Processing static datasets is easier than dynamic ones that may change in time. Hopefully, cloud services offer various more and less manual features to scale the data processing logic. We'll see some of them in this blog post.
New ebook 🔥
Learn 84 ways to solve common data engineering problems with cloud services.
The most primitive one from the list requires the biggest implementation effort. It relies on the flexibility of the cloud, where you can use various resources. Put another way, a job running on a 10-nodes cluster can freely use twice as many resources one day later.
The following steps summarize the solution:
- Analyze the dataset to process - it can be a volume analysis and more detailed analysis if you have some metadata available.
- Generate the cluster specification - use the analysis results from the previous step as the requirement for the cluster configuration.

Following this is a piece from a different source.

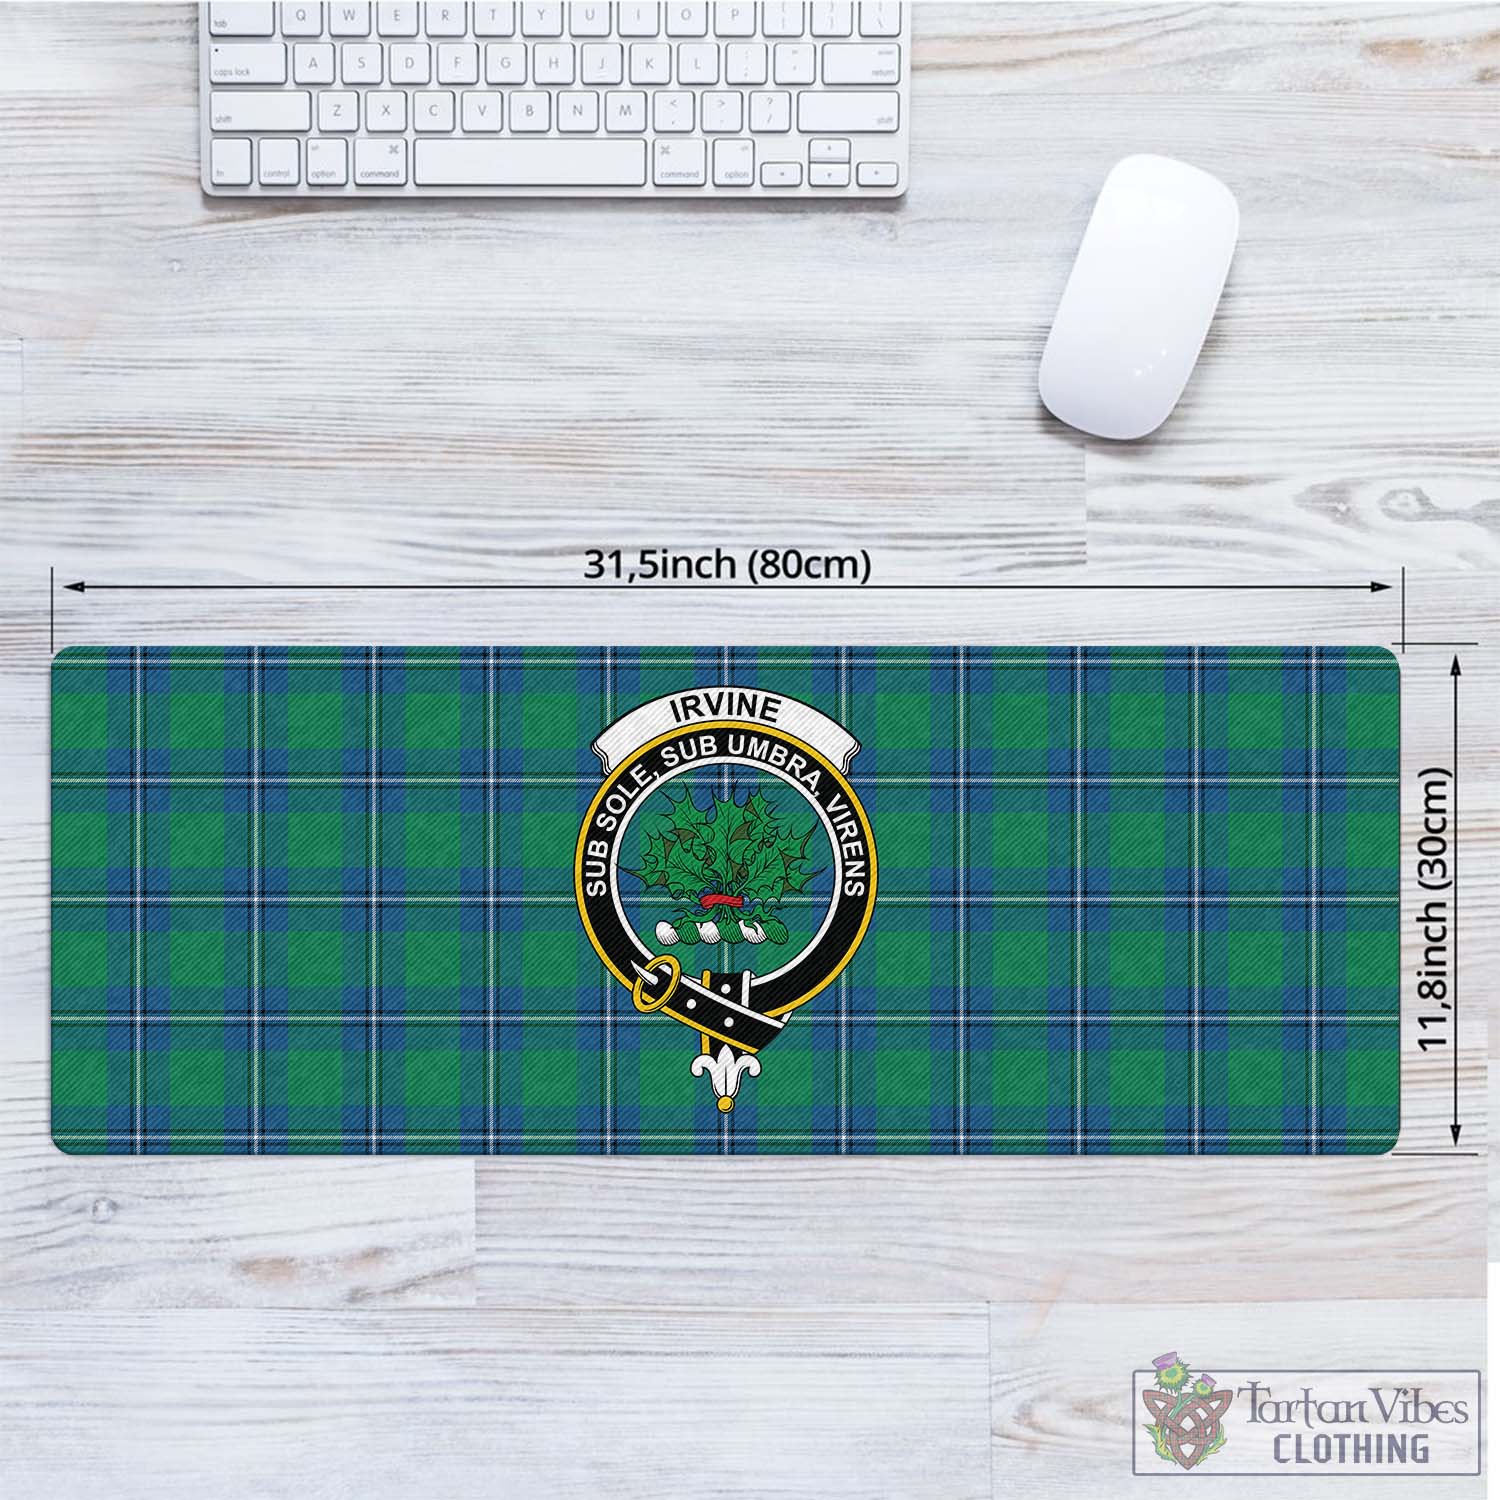 Tartan Vibes Clothing Irvine Ancient Tartan Mouse Pad with Family Crest
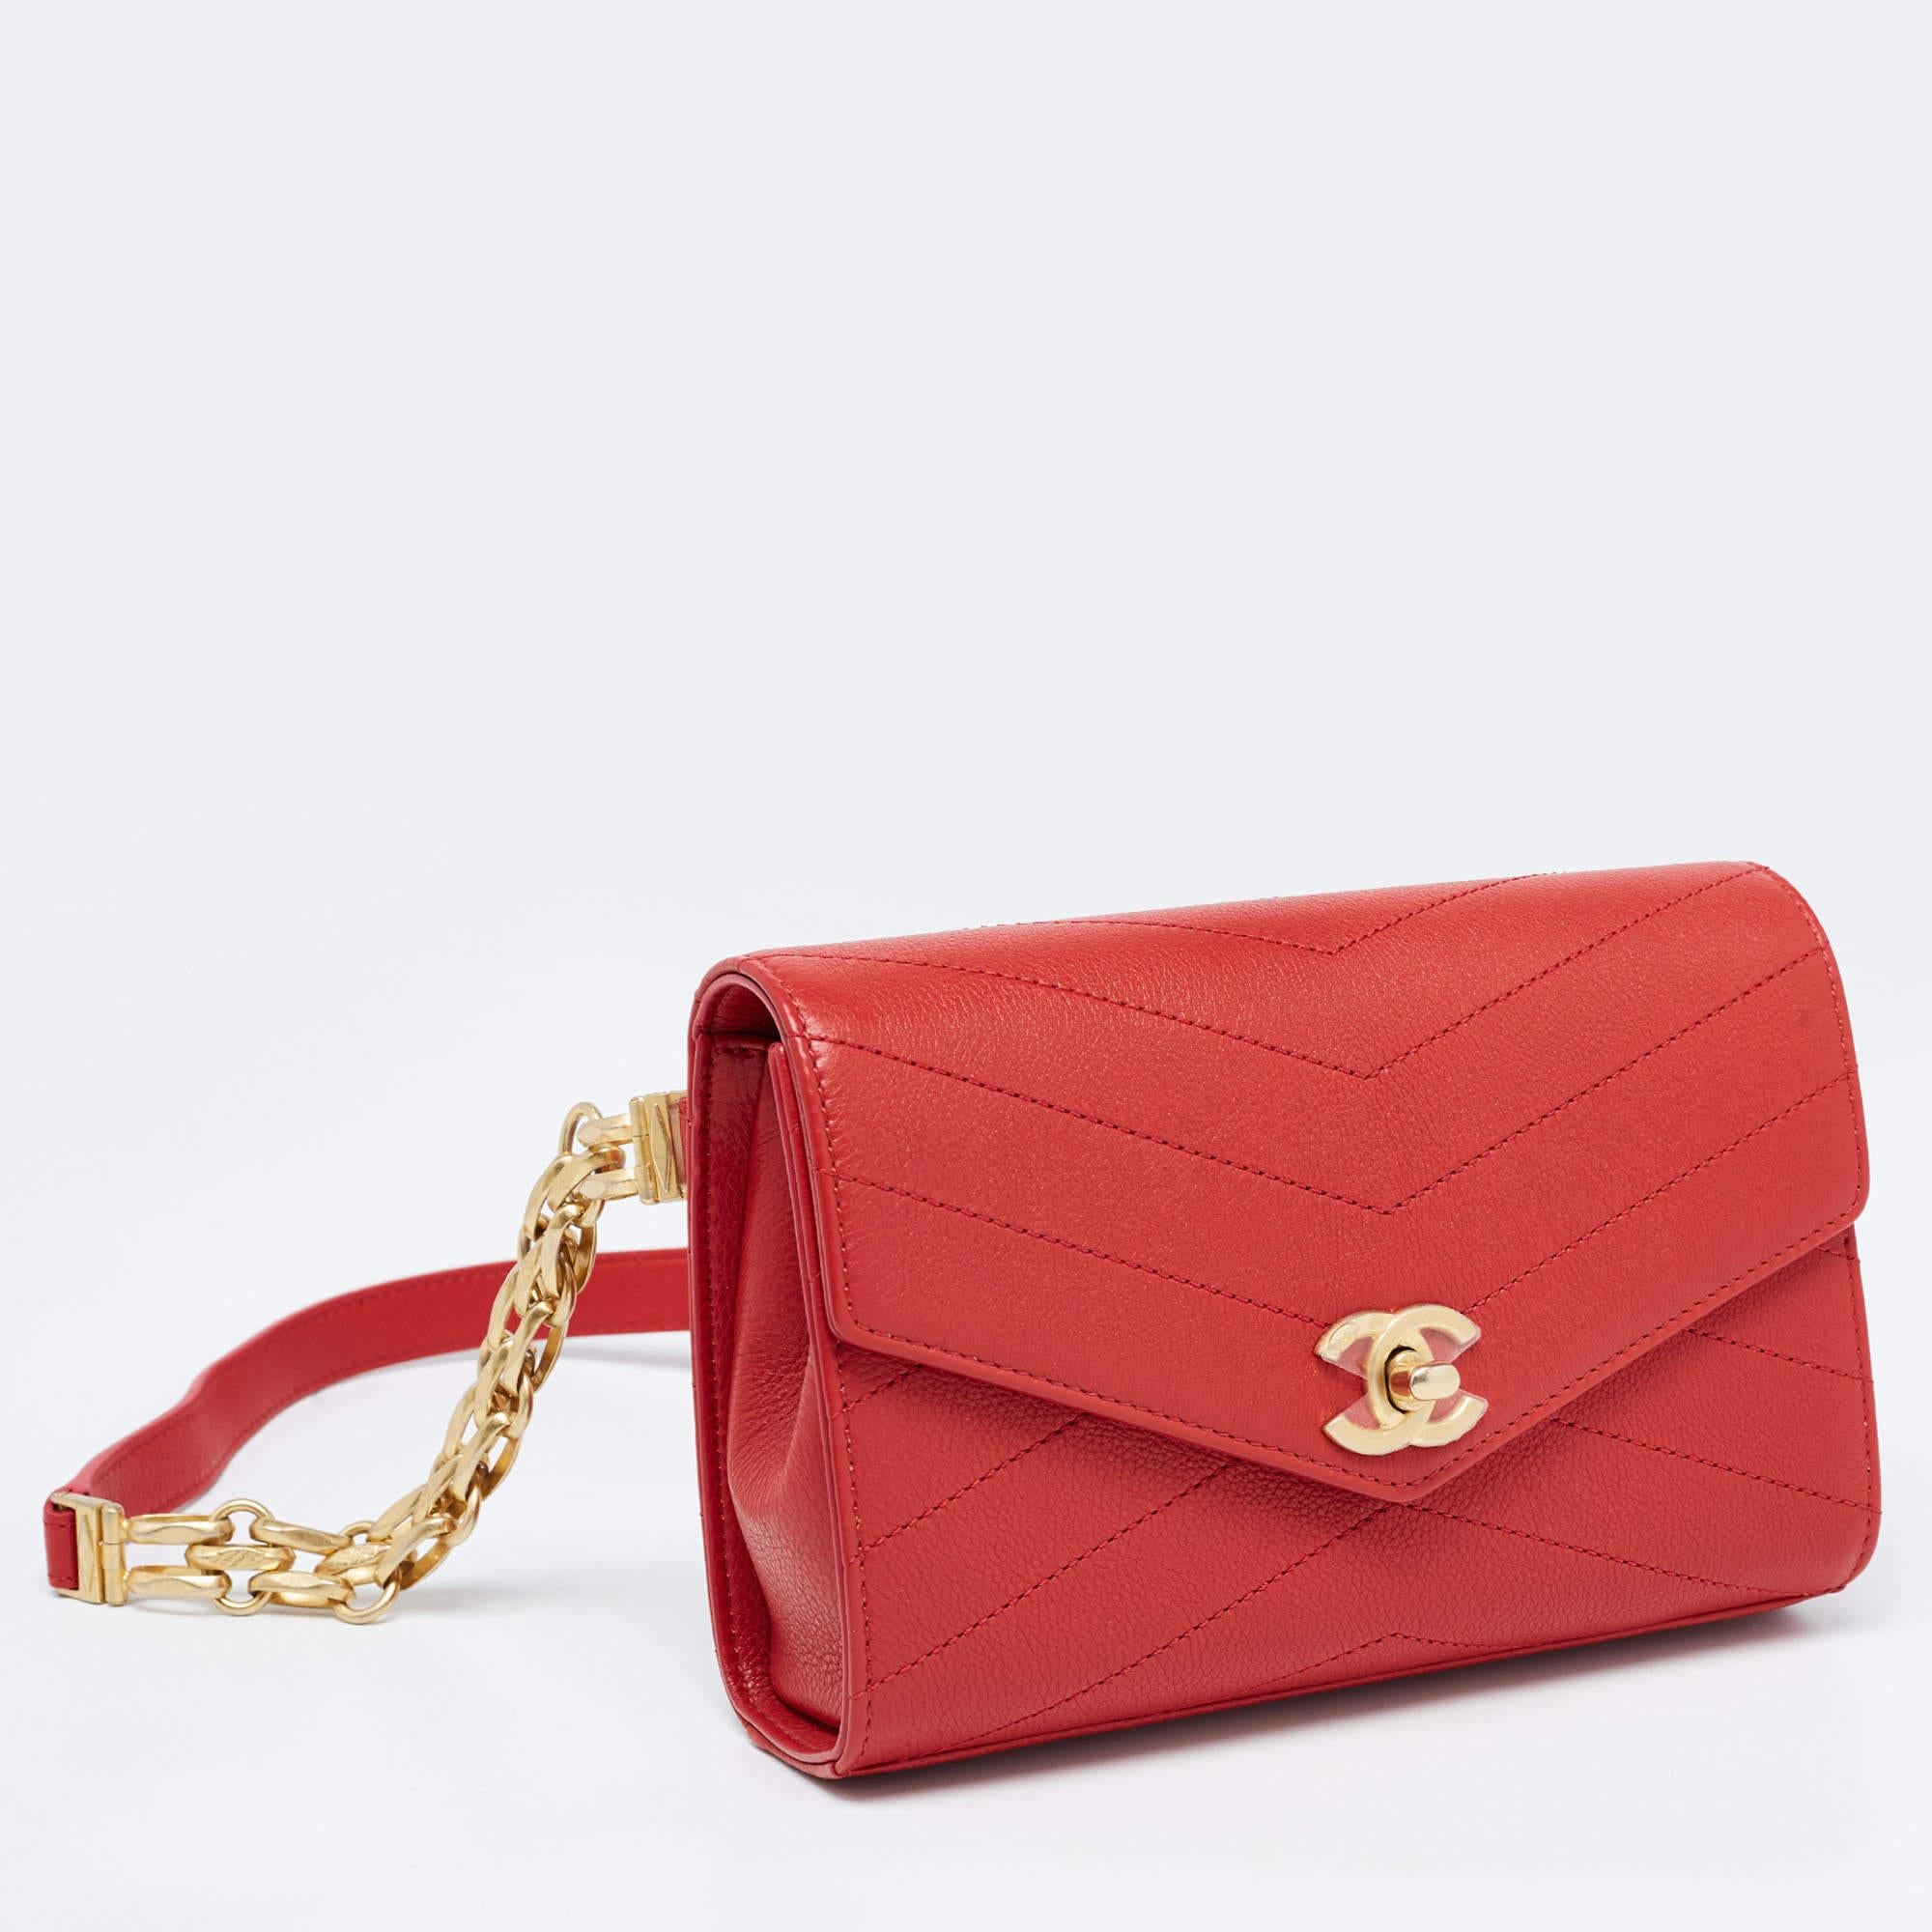 Women's Chanel Red Chevron Leather Coco Waist Belt Bag For Sale

For example, if you assume that processing 1GB will "cost" you 2 cores and you have 20GB to process, then you will need 40 cores in the cluster.
- Create the cluster with the specification - thanks to cloud elasticity, you should be able to request as many nodes as possible regarding the service quotas.
- Submit the job
- Terminate the cluster once the job completes.
If you like to have control and avoid runtime scaling activity, it can be the first option to consider. But if you prefer some more automated solution, you can go to the next step!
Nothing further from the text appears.